Asked by: Martyn Day (Scottish National Party - Linlithgow and East Falkirk)
Question to the Department of Health and Social Care:
To ask the Secretary of State for Health and Social Care, what lessons from the covid-19 pandemic his Department is applying to its policy on clinical trials.
Answered by Will Quince
The United Kingdom’s clinical research ecosystem is actively learning from the successful COVID-19 research response. The UK Government published its vision in ‘Saving and Improving Lives: The Future of UK Clinical Research Delivery’ in March 2021. The vision sets out the ambition to create a patient-centred, pro-innovation, and digitally enabled clinical research environment.
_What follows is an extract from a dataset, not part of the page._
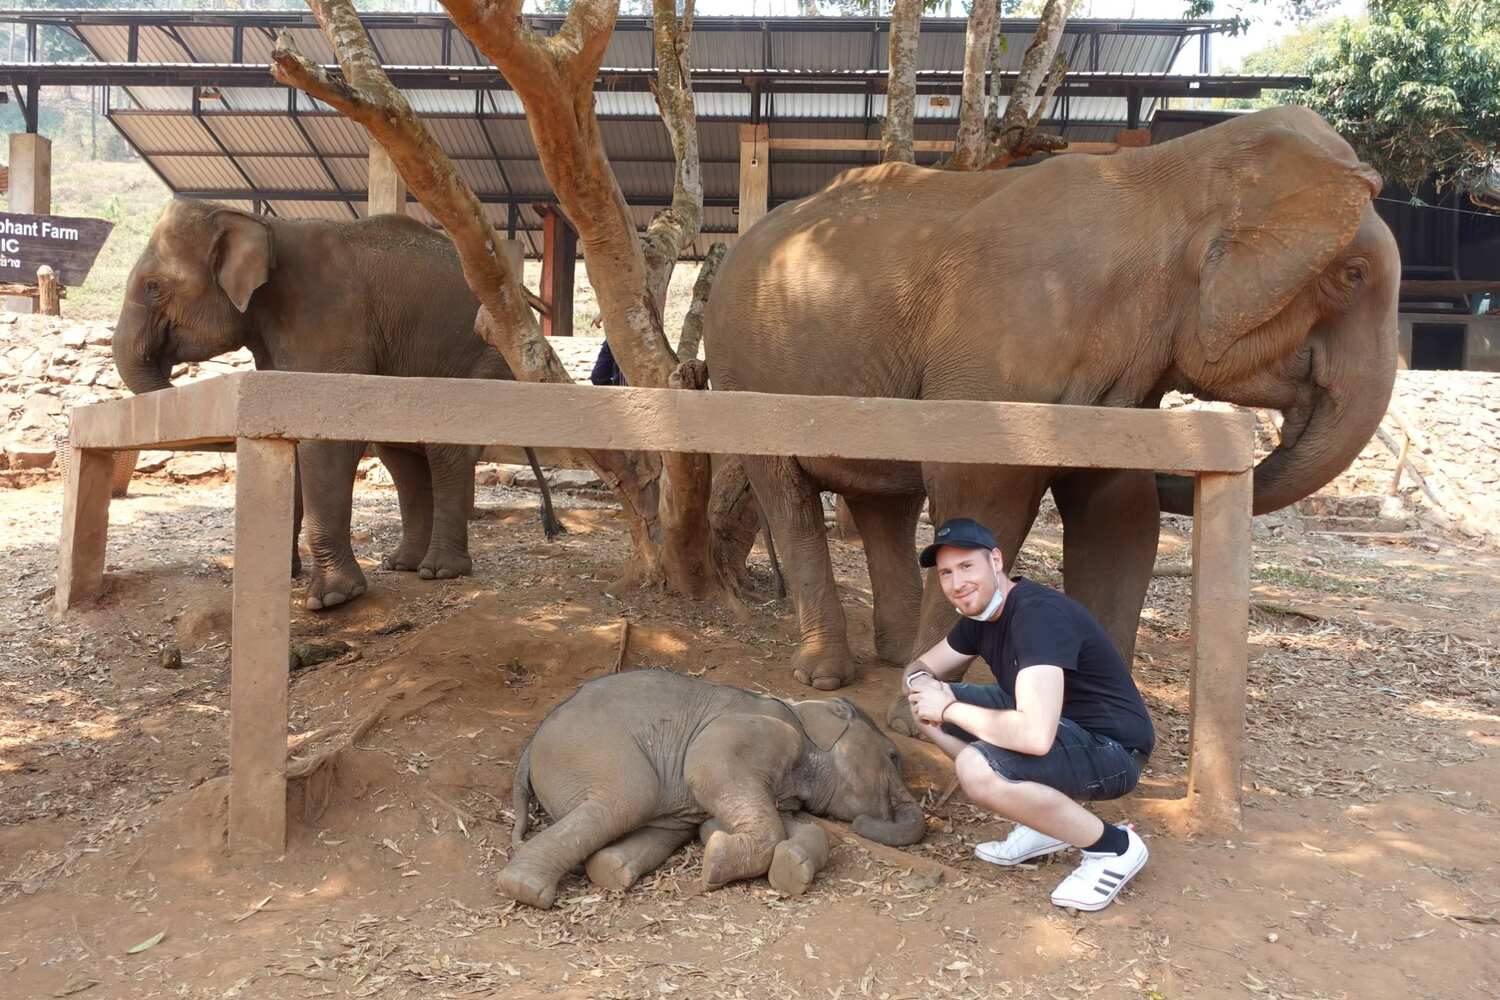 Man posing with a baby elephant in Chiang Mai
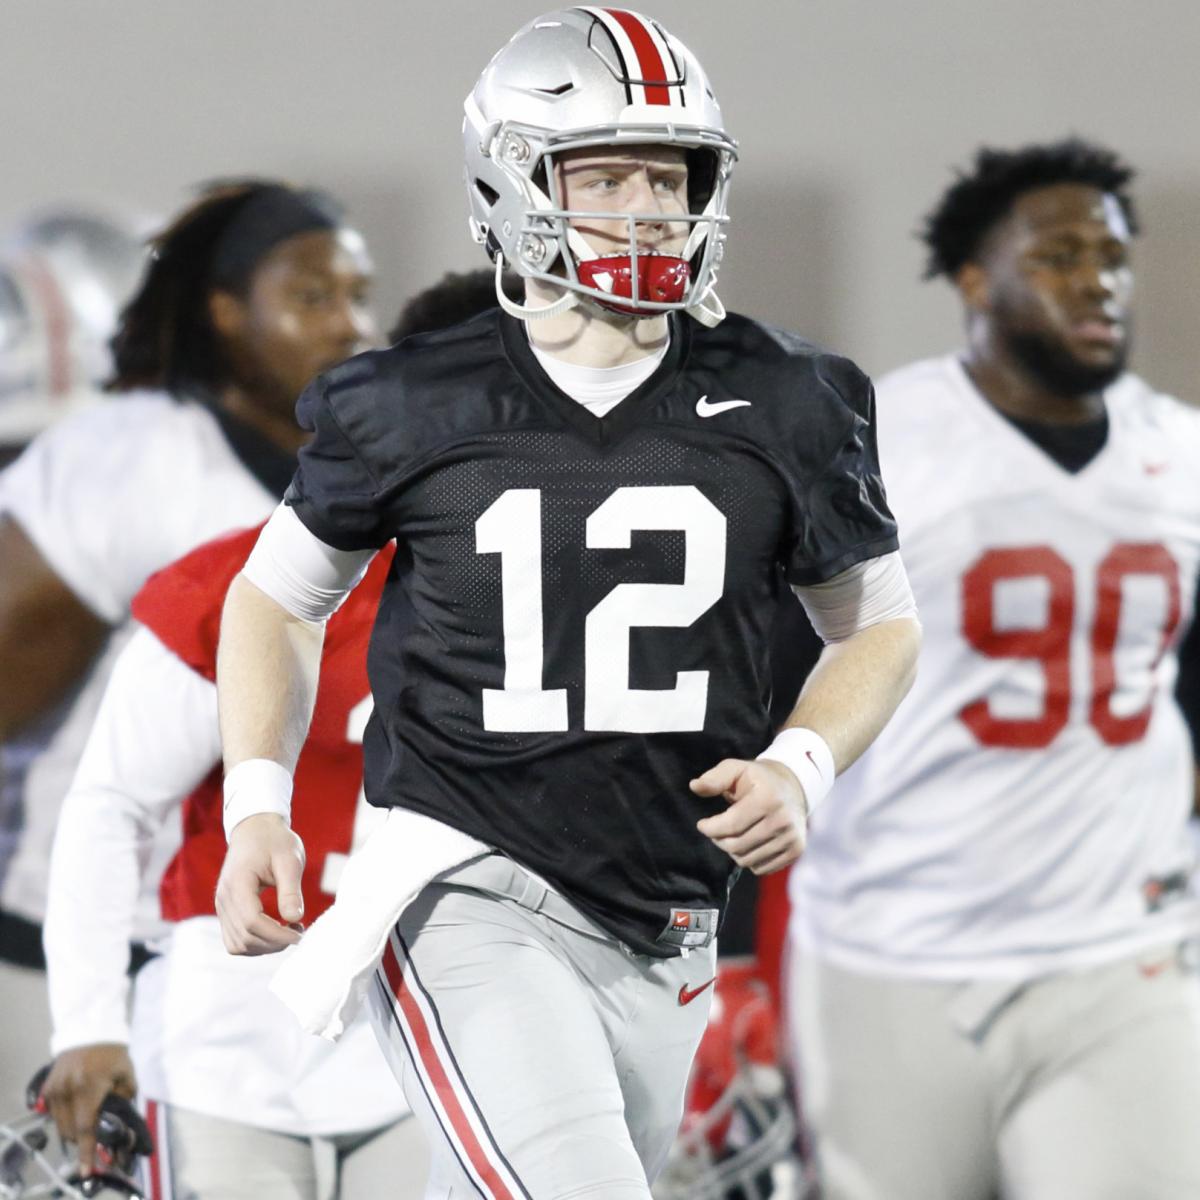 Justin Fields Leads Gray to 35-17 Win vs. Scarlet in 2019 Ohio State Spring Game

This includes the prioritisation of the improvement in study set-up speed and efficiency by expediting costing, contracting, and approvals. Implementing the vision will unleash the true potential of our clinical research environment to improve health, capitalise on our renowned research expertise, and make the UK one of the best places in the world to design and deliver research.
Asked by: Martyn Day (Scottish National Party - Linlithgow and East Falkirk)
Question to the Department of Health and Social Care:
To ask the Secretary of State for Health and Social Care, with reference to the recommendations of the Law Commission in its report on Building families through surrogacy: a new law and the proposals in its draft Surrogacy Bill, whether he plans to bring forward legislative proposals to protect the rights and interests of surrogate mothers.
Answered by Maria Caulfield - Parliamentary Under Secretary of State (Department for Business and Trade) (Minister for Women)
The Law Commissions of England & Wales and Scotland published a full report of their review of surrogacy legislation, with a draft bill, on 28 March 2023. The Government is considering the report and will publish a response in due course.
Asked by: Martyn Day (Scottish National Party - Linlithgow and East Falkirk)
Question to the Department of Health and Social Care:
To ask the Secretary of State for Health and Social Care, whether he has made an assessment of the effectiveness of legislation on surrogacy at preventing the coercion of women; and whether he plans to introduce legislative proposals to help prevent such coercion.
Answered by Maria Caulfield - Parliamentary Under Secretary of State (Department for Business and Trade) (Minister for Women)
The Law Commissions of England & Wales and Scotland published a full report of their review of surrogacy legislation, with a draft bill, on 28 March 2023. The Government is considering the report and will publish a response in due course.
Asked by: Martyn Day (Scottish National Party - Linlithgow and East Falkirk)
Question to the Department of Health and Social Care:
To ask the Secretary of State for Health and Social Care, what progress his Department has made on implementing the recommendations made by the Liver Advisory Group in 2020 on liver transplantation for the treatment of perihilar cholangiocarcinoma and intra-hepatic cholangiocarcinoma.
Answered by Neil O'Brien
The Liver Advisory Group, on behalf of NHS Blood and Transplant (NHSBT), are exploring pilot programmes for selected patients with both small intra-hepatic cholangiocarcinoma and perihilar cholangiocarcinoma (pHCCa) with underlying primary sclerosing cholangitis.
The pathway for intrahepatic Cholangiocarcinoma is now live and there is an offering process in place which should ensure they receive a timely named patient offer. The protocol for pHCCa remains in development and will soon be live in the third quarter of this year. Additionally, in collaboration with NHS England, NHSBT are developing the pHCCa as a commissioning evaluation for the neoadjuvant pathway of proton beam therapy which is a ground-breaking intervention that is being evaluated in this clinical transplant pathway.